Sin2x + cos2x will be 1

so ..

it will be [2 + 2cosx] / [sinx + sinxcosx]

Cosx cancels each other

==> 4/ 2sinx

==> 2/sinx

==> 2cscx

Thanks alot for the help guys :D
 
  • #6
63
0
I have anther question...

Find the general solutions for the following equations.

2 cos2 x -1 =0

Soultion.

Cos2x = 1/2
Cosx= - or + Sqrt 2 / 2

The general solution is pi /4 +2nPi, 3pi/4 +2nPi , 5Pi/4 + 2nPi and 7Pi/4 +2nPi , where n is an integer




But why can't i just take the Double angle of 2cos2x ?

which will be, cos2x=0

The general solution is Pi/2 +2nPi and 3Pi/2 +2nPi where n is an integer..



Btw, that was an example from my text book...the first solution is what the text book stated, and the second solution is what i thought right ..
 
  • #7
48
0
Woohoo got it !! ..

Sin2x + cos2x will be 1

so ..

it will be [2 + 2cosx] / [sinx + sinxcosx]

Cosx cancels each other

==> 4/ 2sinx

==> 2/sinx

==> 2cscx

Thanks alot for the help guys :D

Mspike, don't make that mistake. The cosx don't divide out. Since you have already pretty much attained your answer, this is what should have happened:

[tex]\frac{2+2cosx}{sinx+sinxcosx}[/tex]

[tex]=\frac{2(1+cosx)}{sinx(1+cosx)}[/tex] The (1+cosx) in the numerator and denominator divide out.

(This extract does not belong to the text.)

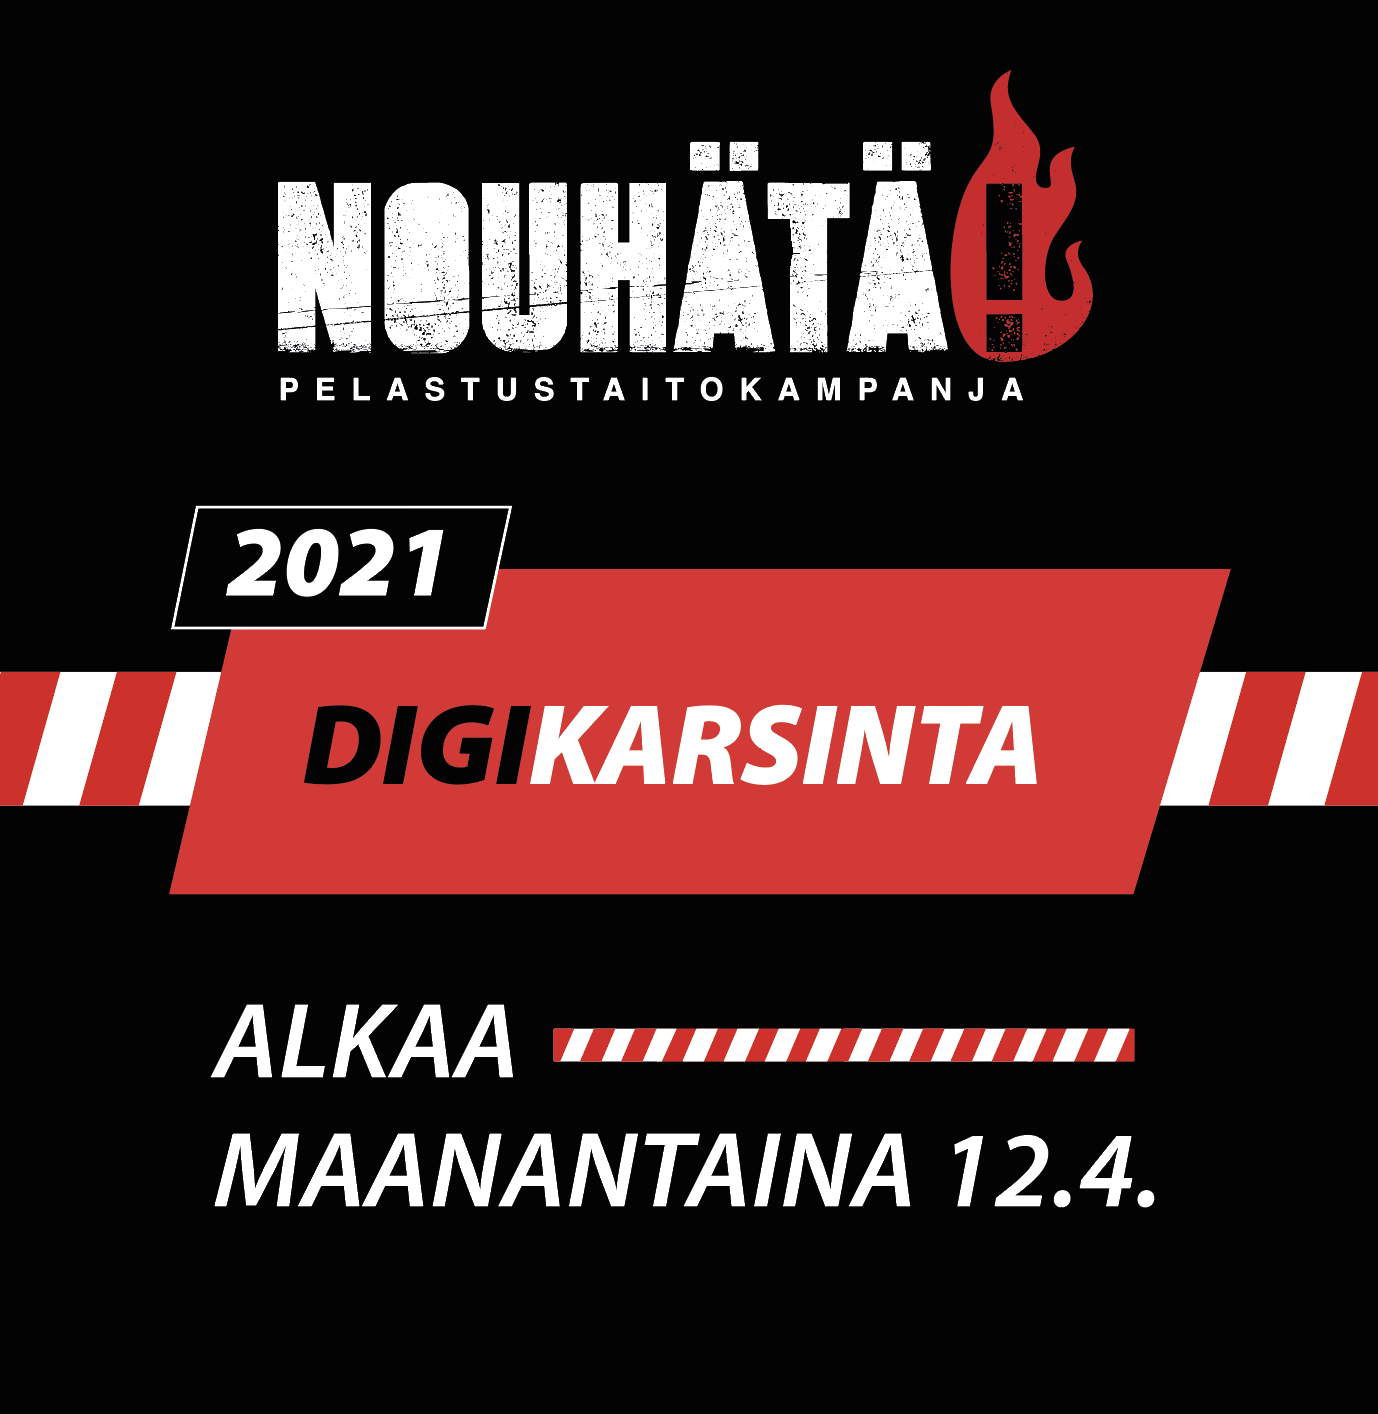 NouHätä!-kilpailun digikarsinta alkaa maanantaina 12.4.2021.

[tex]=\frac{2}{sinx}[/tex]

[tex]=2cscx[/tex]
 
  • #8
63
0
Mspike, don't make that mistake. The cosx don't divide out. Since you have already pretty much attained your answer, this is what should have happened:

[tex]\frac{2+2cosx}{sinx+sinxcosx}[/tex]

[tex]=\frac{2(1+cosx)}{sinx(1+cosx)}[/tex] The (1+cosx) in the numerator and denominator divide out.

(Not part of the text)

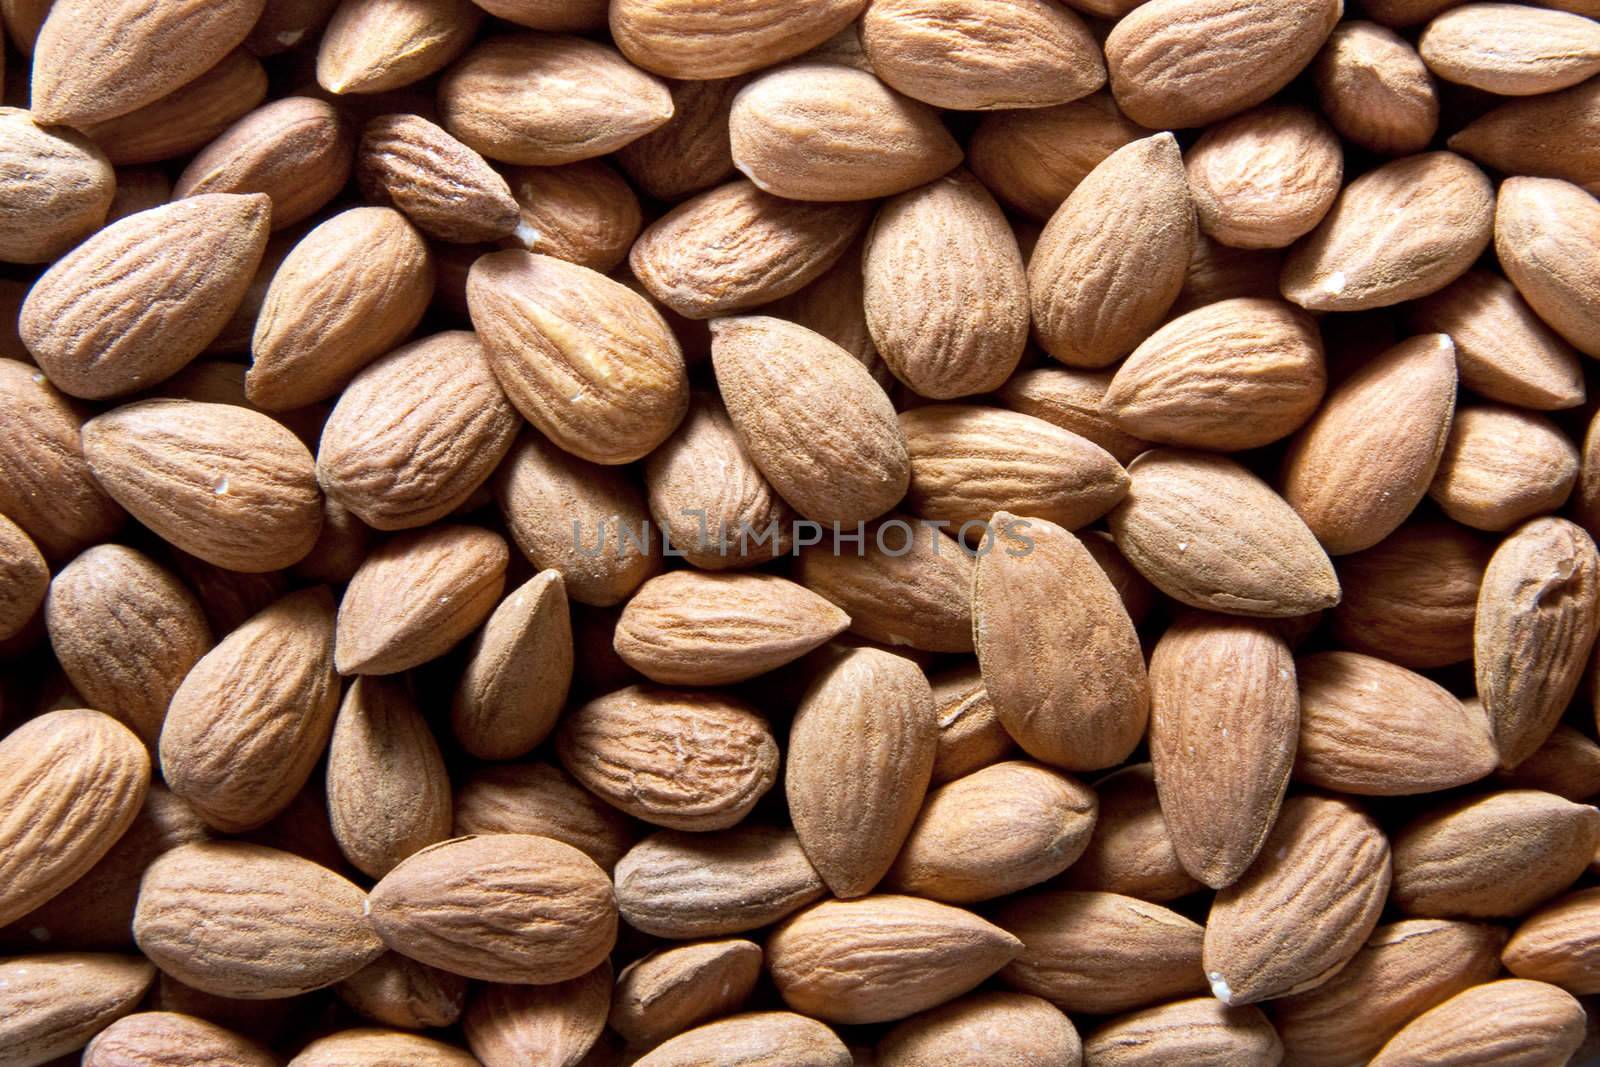 Raw almonds by raliand

[tex]=\frac{2}{sinx}[/tex]

[tex]=2cscx[/tex]

Ahh!.
thanks for the heads up, and i thought i knew it :S
 
  • #9
48
0
I have anther question...

Find the general solutions for the following equations.

2 cos2 x -1 =0

Soultion.

Cos2x = 1/2
Cosx= - or + Sqrt 2 / 2

The general solution is pi /4 +2nPi, 3pi/4 +2nPi , 5Pi/4 + 2nPi and 7Pi/4 +2nPi , where n is an integer




But why can't i just take the Double angle of 2cos2x ?

which will be, cos2x=0

The general solution is Pi/2 +2nPi and 3Pi/2 +2nPi where n is an integer..



Btw, that was an example from my text book...the first solution is what the text book stated, and the second solution is what i thought right ..

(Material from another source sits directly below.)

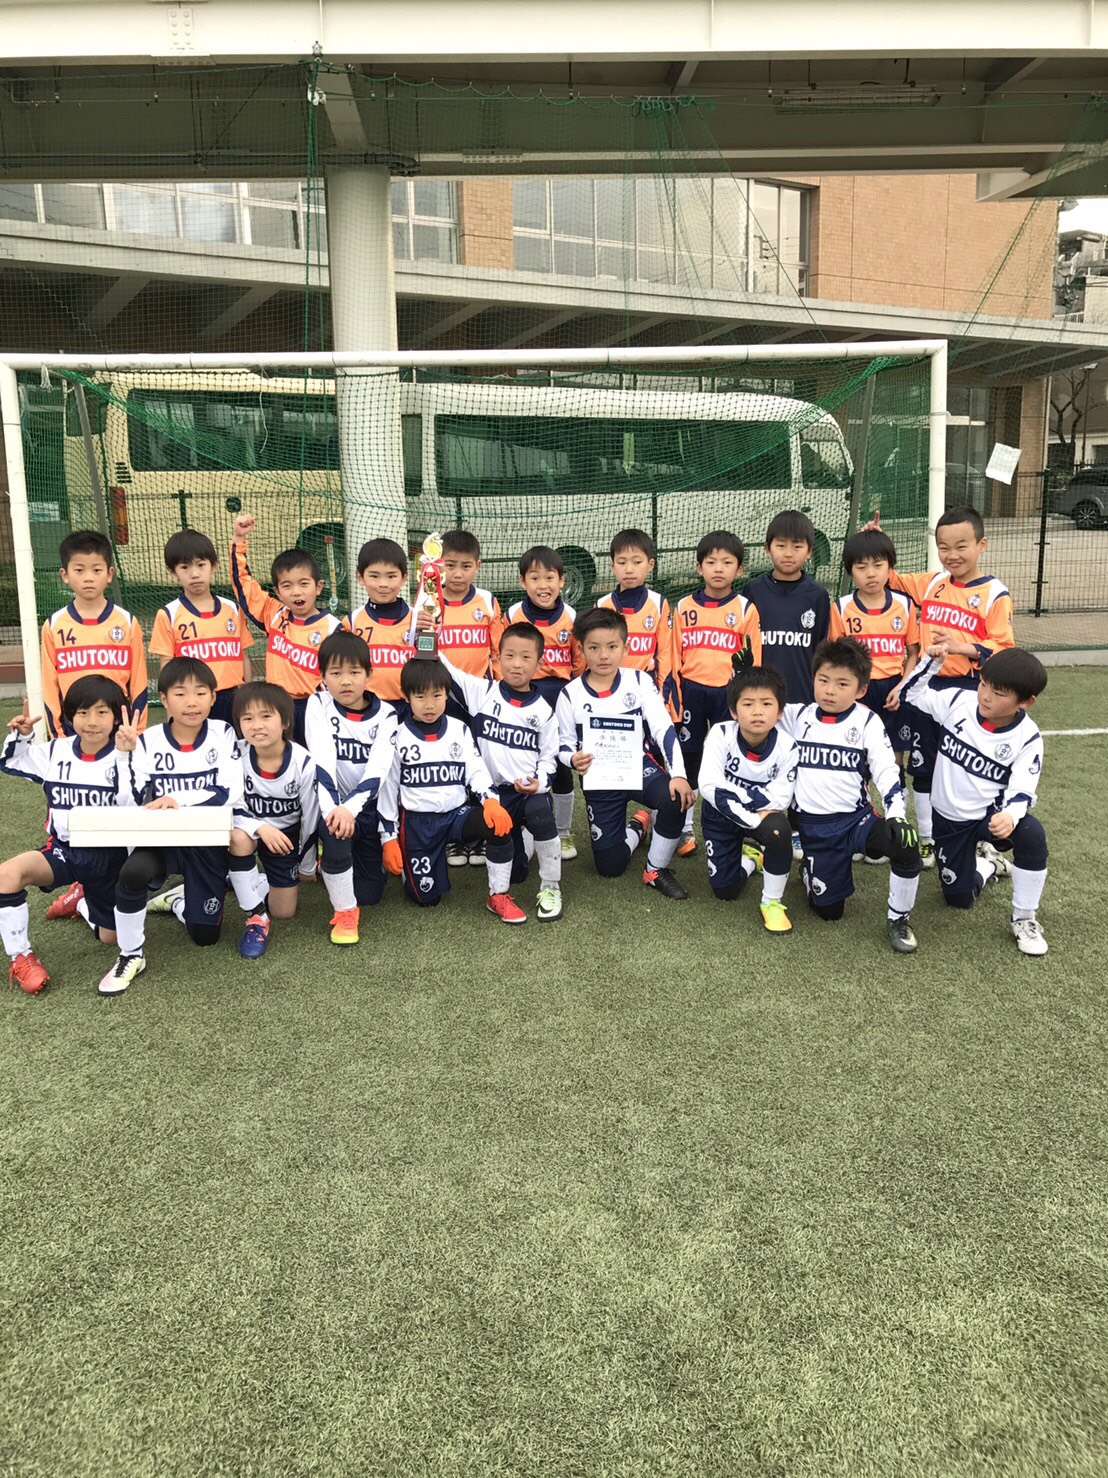 修徳fc ジュニア選手コース 幼児 小学生のサッカースクール 17 2月

In your solution, you did not even mention pi/4. The double angle is as follows:
2cos[tex]^{2}[/tex]x-1=0
cos2x=0
2x=pi/2
x=pi/4

That is only one solution, and you are still missing it. Check where you went wrong.
 
  • #10
63
0
Am sorry for asking so many questions ,

how one should factor , tan2-sec-1=0

i think it will be something like, (x-1)(x2+1)

where x and x2 are trig
 
  • #11
rock.freak667
Homework Helper
6,223
31
Am sorry for asking so many questions ,

how one should factor , tan2-sec-1=0

i think it will be something like, (x-1)(x2+1)

where x and x2 are trig

try using an identity involving tan2x and sec2x to replace the tan2x term.
 
  • #12
63
0
Solve Tan2x-secx-1=0

Soultion

(Sec2x-1)-secx-1=0

sec2-secx-2=0


(secx-2)(secx+1)=0


--------------
Secx -2 =0
secx=2
x= Pi/3 , 5Pi/3

-------------
Secx+1=0
Secx=-1
x= Pi


X= Pi/3 , 5Pi/3, Pi


Is that right? am i missing something ?

Thank you :D
 
  • #13
rock.freak667
Homework Helper
6,223
31
Solve Tan2x-secx-1=0

Soultion

(Sec2x-1)-secx-1=0

sec2-secx-2=0


(secx-2)(secx+1)=0


--------------
Secx -2 =0
secx=2
x= Pi/3 , 5Pi/3

-------------
Secx+1=0
Secx=-1
x= Pi


X= Pi/3 , 5Pi/3, Pi


Is that right? am i missing something ?

Thank you :D

looks fine to me
 
  • #14
48
0
Solve Tan2x-secx-1=0

Soultion

(Sec2x-1)-secx-1=0

sec2-secx-2=0


(secx-2)(secx+1)=0


--------------
Secx -2 =0
secx=2
x= Pi/3 , 5Pi/3

-------------
Secx+1=0
Secx=-1
x= Pi


X= Pi/3 , 5Pi/3, Pi


Is that right? am i missing something ?

Thank you :D

Yup, if the domain was [0,2pi], then it is correct.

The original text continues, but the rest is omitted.